_Assigned task_. This task calls for the complete listing below, reproduced exactly.
◆ ◆ ◆ ◆ ◆ ◆ ◆
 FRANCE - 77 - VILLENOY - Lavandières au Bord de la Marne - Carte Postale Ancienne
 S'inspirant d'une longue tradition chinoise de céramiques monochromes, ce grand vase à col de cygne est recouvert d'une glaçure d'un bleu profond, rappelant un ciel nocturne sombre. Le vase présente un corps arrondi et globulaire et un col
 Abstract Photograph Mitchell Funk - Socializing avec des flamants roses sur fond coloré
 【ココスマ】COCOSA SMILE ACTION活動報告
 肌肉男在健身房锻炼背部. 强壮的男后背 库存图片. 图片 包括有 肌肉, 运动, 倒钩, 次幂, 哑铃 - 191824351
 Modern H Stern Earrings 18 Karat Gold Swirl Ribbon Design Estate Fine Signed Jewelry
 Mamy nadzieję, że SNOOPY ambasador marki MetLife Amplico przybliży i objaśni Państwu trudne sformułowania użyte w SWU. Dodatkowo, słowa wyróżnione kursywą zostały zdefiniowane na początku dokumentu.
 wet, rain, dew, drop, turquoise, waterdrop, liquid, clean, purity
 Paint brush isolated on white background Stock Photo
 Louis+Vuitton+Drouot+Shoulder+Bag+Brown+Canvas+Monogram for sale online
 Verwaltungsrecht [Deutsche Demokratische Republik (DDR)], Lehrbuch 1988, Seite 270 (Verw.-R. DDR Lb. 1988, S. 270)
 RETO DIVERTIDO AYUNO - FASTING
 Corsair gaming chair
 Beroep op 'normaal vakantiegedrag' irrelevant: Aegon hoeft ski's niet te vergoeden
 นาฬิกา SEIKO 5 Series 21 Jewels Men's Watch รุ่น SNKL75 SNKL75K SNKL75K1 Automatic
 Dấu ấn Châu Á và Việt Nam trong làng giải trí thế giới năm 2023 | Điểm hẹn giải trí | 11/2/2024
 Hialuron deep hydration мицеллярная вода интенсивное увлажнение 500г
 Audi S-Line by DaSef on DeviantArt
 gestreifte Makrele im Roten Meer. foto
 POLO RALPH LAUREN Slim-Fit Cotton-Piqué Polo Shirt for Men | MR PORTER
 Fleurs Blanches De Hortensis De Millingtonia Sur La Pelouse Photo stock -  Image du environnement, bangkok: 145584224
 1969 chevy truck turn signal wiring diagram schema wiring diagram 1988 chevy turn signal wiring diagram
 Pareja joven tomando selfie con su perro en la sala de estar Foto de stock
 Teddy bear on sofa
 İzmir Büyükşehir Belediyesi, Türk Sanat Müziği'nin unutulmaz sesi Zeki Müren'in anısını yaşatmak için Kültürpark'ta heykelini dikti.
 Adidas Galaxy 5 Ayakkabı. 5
◆ ◆ ◆ ◆ ◆ ◆ ◆
_Output for this task_.
 FRANCE - 77 - VILLENOY - Lavandières au Bord de la Marne - Carte Postale Ancienne
 S'inspirant d'une longue tradition chinoise de céramiques monochromes, ce grand vase à col de cygne est recouvert d'une glaçure d'un bleu profond, rappelant un ciel nocturne sombre. Le vase présente un corps arrondi et globulaire et un col
 Abstract Photograph Mitchell Funk - Socializing avec des flamants roses sur fond coloré
 【ココスマ】COCOSA SMILE ACTION活動報告
 肌肉男在健身房锻炼背部. 强壮的男后背 库存图片. 图片 包括有 肌肉, 运动, 倒钩, 次幂, 哑铃 - 191824351
 Modern H Stern Earrings 18 Karat Gold Swirl Ribbon Design Estate Fine Signed Jewelry
 Mamy nadzieję, że SNOOPY ambasador marki MetLife Amplico przybliży i objaśni Państwu trudne sformułowania użyte w SWU. Dodatkowo, słowa wyróżnione kursywą zostały zdefiniowane na początku dokumentu.
 wet, rain, dew, drop, turquoise, waterdrop, liquid, clean, purity
 Paint brush isolated on white background Stock Photo
 Louis+Vuitton+Drouot+Shoulder+Bag+Brown+Canvas+Monogram for sale online
 Verwaltungsrecht [Deutsche Demokratische Republik (DDR)], Lehrbuch 1988, Seite 270 (Verw.-R. DDR Lb. 1988, S. 270)
 RETO DIVERTIDO AYUNO - FASTING
 Corsair gaming chair
 Beroep op 'normaal vakantiegedrag' irrelevant: Aegon hoeft ski's niet te vergoeden
 นาฬิกา SEIKO 5 Series 21 Jewels Men's Watch รุ่น SNKL75 SNKL75K SNKL75K1 Automatic
 Dấu ấn Châu Á và Việt Nam trong làng giải trí thế giới năm 2023 | Điểm hẹn giải trí | 11/2/2024
 Hialuron deep hydration мицеллярная вода интенсивное увлажнение 500г
 Audi S-Line by DaSef on DeviantArt
 gestreifte Makrele im Roten Meer. foto
 POLO RALPH LAUREN Slim-Fit Cotton-Piqué Polo Shirt for Men | MR PORTER
 Fleurs Blanches De Hortensis De Millingtonia Sur La Pelouse Photo stock -  Image du environnement, bangkok: 145584224
 1969 chevy truck turn signal wiring diagram schema wiring diagram 1988 chevy turn signal wiring diagram
 Pareja joven tomando selfie con su perro en la sala de estar Foto de stock
 Teddy bear on sofa
 İzmir Büyükşehir Belediyesi, Türk Sanat Müziği'nin unutulmaz sesi Zeki Müren'in anısını yaşatmak için Kültürpark'ta heykelini dikti.
 Adidas Galaxy 5 Ayakkabı. 5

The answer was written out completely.